Asked 8/5, 2019 at 14:48 Answered 19/1, 2021 at 15:30

python pandas bayesian hyperparameters lightgbm

I am able to successfully improve the performance of my XGBoost model through Bayesian optimization, but the best I can achieve through Bayesian optimization when using Light GBM (my preferred choice) is worse than what I was able to achieve by using it’s default hyper-parameters and following the standard early stopping approach.

When tuning via Bayesian optimization, I have been sure to include the algorithm’s default hyper-parameters in the search surface, for reference purposes.

The code below shows the RMSE from the Light GBM model with default hyper-parameters using seaborn’s diamonds dataframe as an example of my workings:

#pip install bayesian-optimization

import seaborn as sns
from sklearn.model_selection import train_test_split
import lightgbm as lgb
from bayes_opt import BayesianOptimization

df = sns.load_dataset('diamonds')

df["color"] = df["color"].astype('category')
df["color_cat"] = df["color"].cat.codes
df = df.drop(["color"],axis = 1)

df["cut"] = df["cut"].astype('category')
df["cut_cat"] = df["cut"].cat.codes
df = df.drop(["cut"],axis = 1)

df["clarity"] = df["clarity"].astype('category')
df["clarity_cat"] = df["clarity"].cat.codes
df = df.drop(["clarity"],axis = 1)

y = df['price']
X = df.drop(['price'], axis=1)

seed = 7
test_size = 0.3
X_train, X_test, y_train, y_test = train_test_split(X, y, test_size=test_size,random_state=seed)

train_lgb = lgb.Dataset(X_train, y_train)
eval_lgb = lgb.Dataset(X_test, y_test, reference = train_lgb)

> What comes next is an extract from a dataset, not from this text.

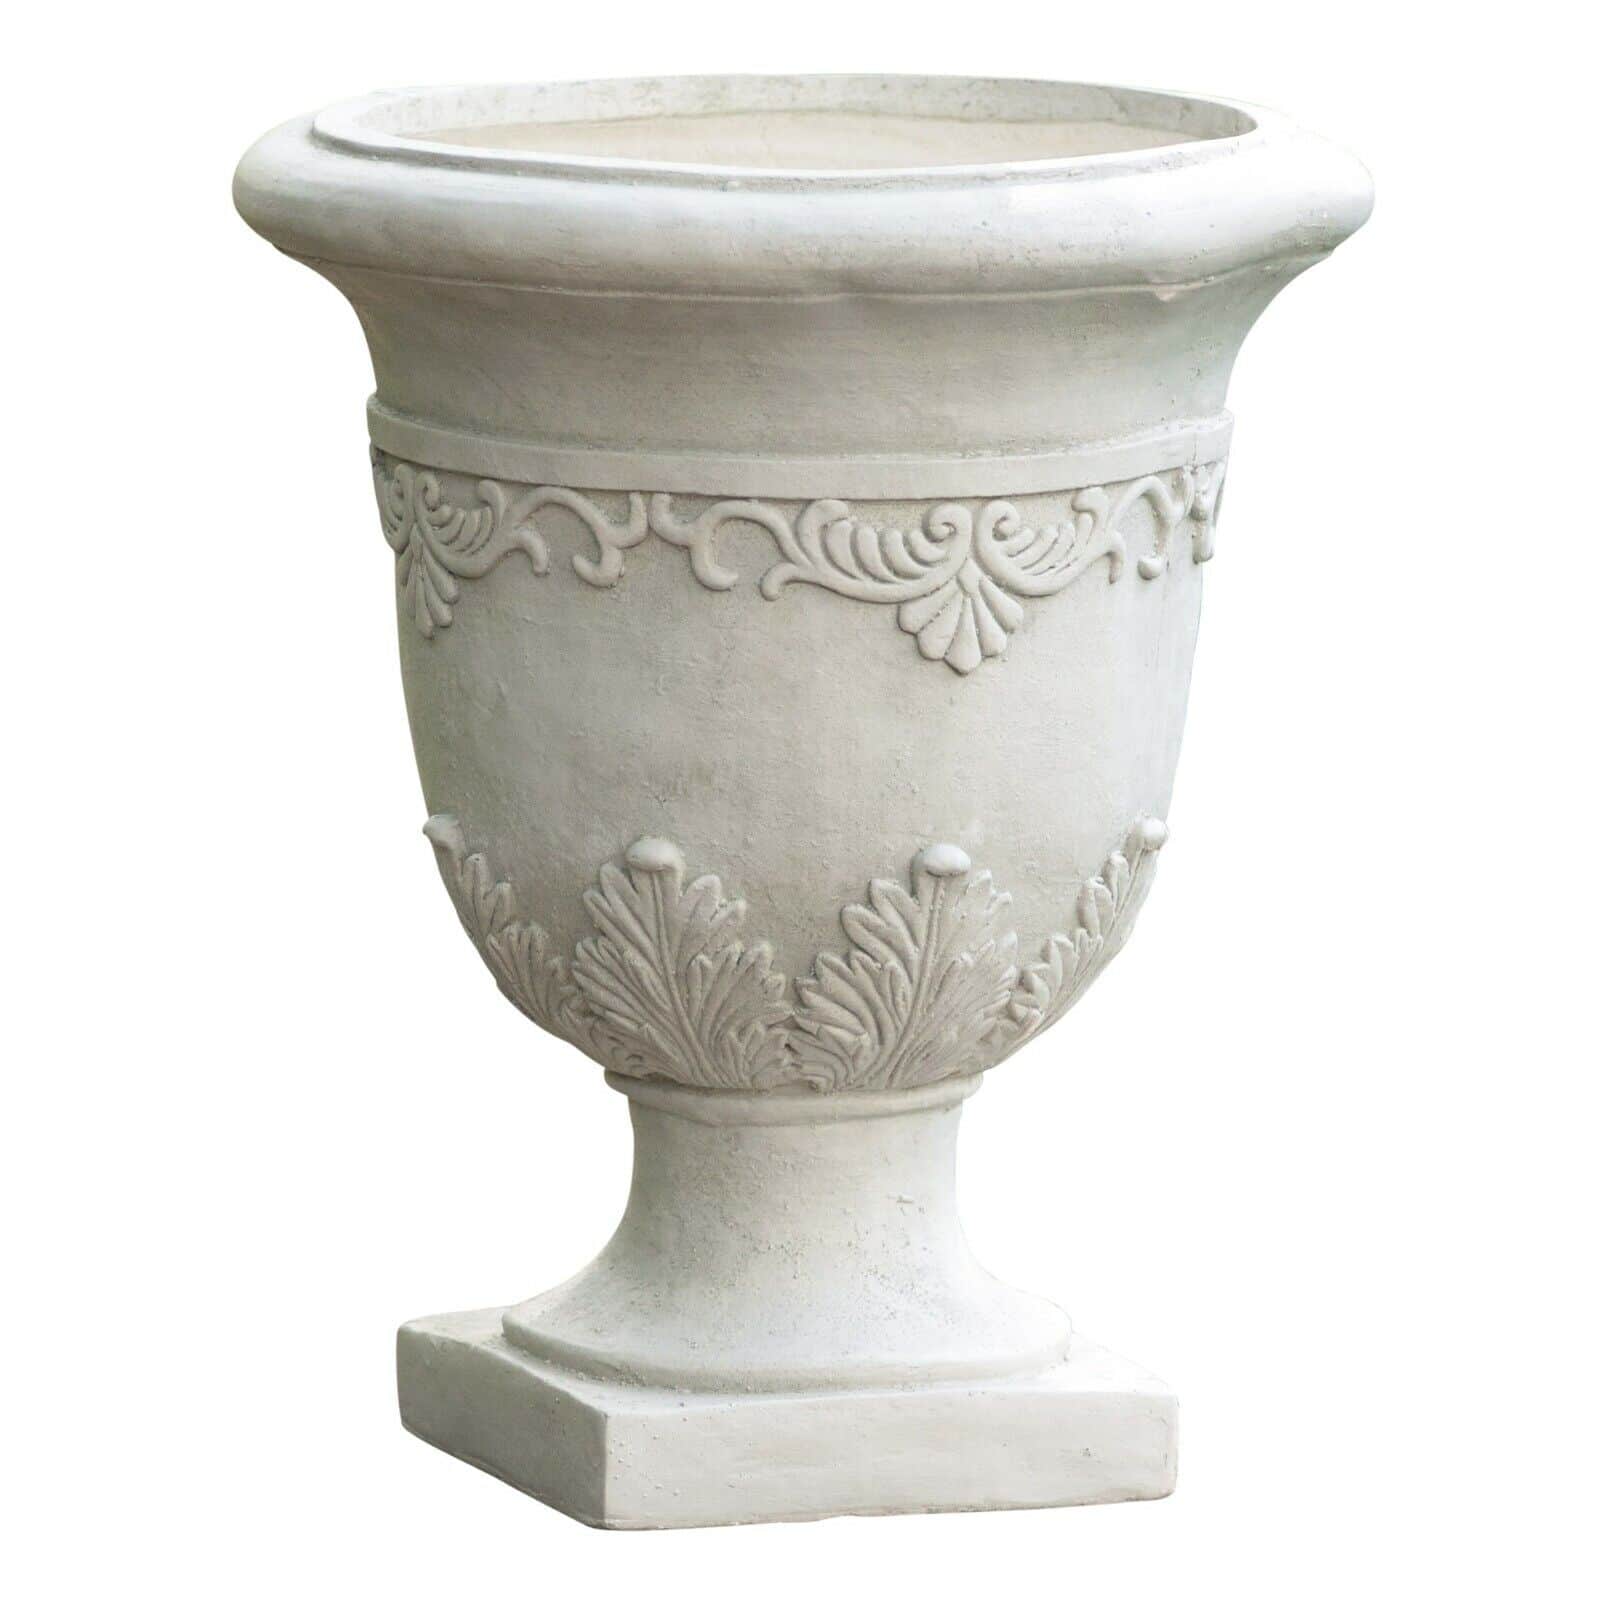 A white urn on a white background.

params = { 'objective': 'regression',
  'metric': 'RMSE',
  'learning_rate': 0.02}
lgb_reg = lgb.train(params, train_lgb, num_boost_round = 10000, early_stopping_rounds=50, verbose_eval = 100, valid_sets=eval_lgb)

Results

OUT:
Training until validation scores don't improve for 50 rounds.
Early stopping, best iteration is:
[1330 (n_estimators)] valid_0's rmse: 538.728

Here my attempt to implement Bayesian Optimization and the resulting RMSE values:

def modelFitter(colsampleByTree, subsample,maxDepth, num_leaves):   
    model = lgb.LGBMRegressor(learning_rate=0.02, n_estimators=10000, max_depth=maxDepth.astype("int32"), subsample=subsample, colsample_bytree=colsampleByTree,num_leaves=num_leaves.astype("int32"))

    evalSet  = [(X_test, y_test)]
    model.fit(X_train, y_train, eval_metric="rmse", eval_set=evalSet, early_stopping_rounds=50, verbose=False)

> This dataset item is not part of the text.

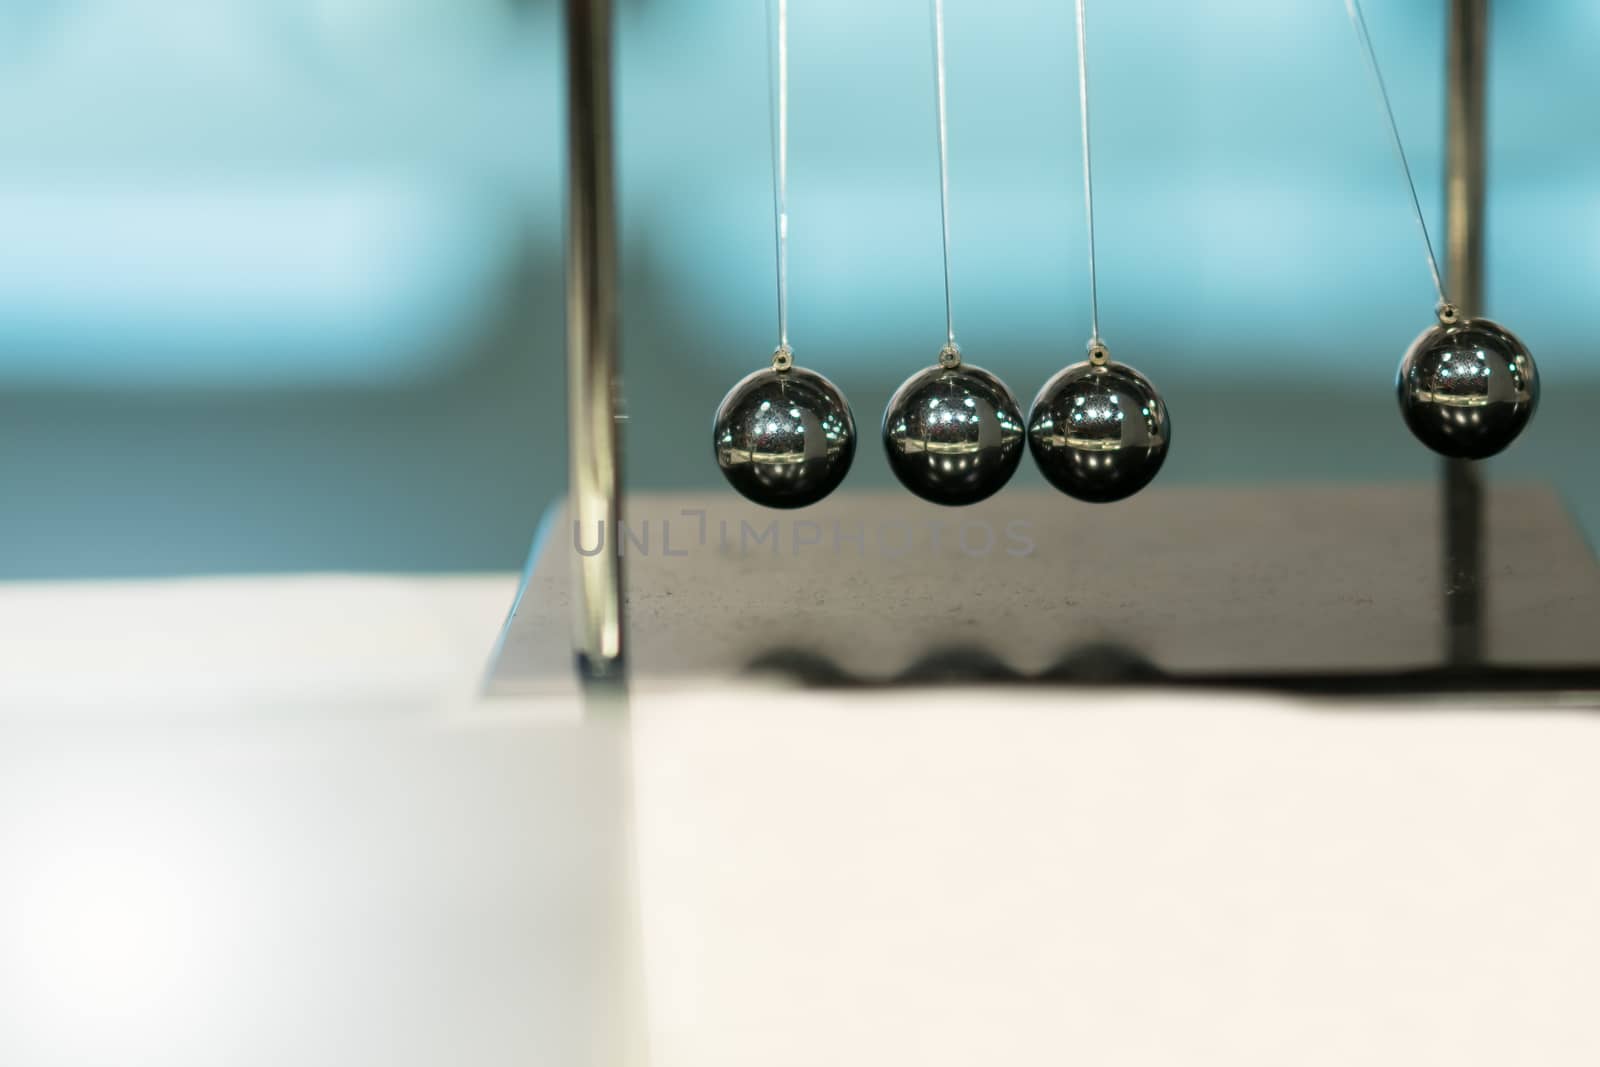 Balancing Balls Newton's Cradle on blurred backgrounds by psodaz

    bestScore = model.best_score_[list(model.best_score_.keys())[0]]['rmse']

    return -bestScore

# Bounded region of parameter space
pbounds = {'colsampleByTree': (0.8,1.0), 'subsample': (0.8,1.0), 'maxDepth': (2,5), 'num_leaves': (24, 45)}

optimizer = BayesianOptimization(
    f=modelFitter,
    pbounds=pbounds,
    random_state=1)

optimizer.maximize(init_points=5,n_iter=5)  #n_iter=bayesian, init_points=random

Results

iter    |  target   | colsam... | maxDepth  | num_le... | subsample |
-------------------------------------------------------------------------
|  1        | -548.7    |  0.8834   |  4.161    |  24.0     |  0.8605   |
|  2        | -642.4    |  0.8294   |  2.277    |  27.91    |  0.8691   |
|  3        | -583.5    |  0.8794   |  3.616    |  32.8     |  0.937    |
|  4        | -548.7    |  0.8409   |  4.634    |  24.58    |  0.9341   |
|  5        | -583.5    |  0.8835   |  3.676    |  26.95    |  0.8396   |
|  6        | -548.7    |  0.8625   |  4.395    |  24.29    |  0.8968   |
|  7        | -548.7    |  0.8435   |  4.603    |  24.42    |  0.9298   |
|  8        | -551.5    |  0.9271   |  4.266    |  24.11    |  0.8035   |
|  9        | -548.7    |  0.8      |  4.11     |  24.08    |  1.0      |
|  10       | -548.7    |  0.8      |  4.44     |  24.45    |  0.9924   |

The RMSE (-1 x “target”) generated during Bayesian optimization should be better than that generated by the default values of LightGBM but I cannot achieve a better RMSE (looking for better/higher than -538.728 achieved through the above mentioned “normal” early stopping process).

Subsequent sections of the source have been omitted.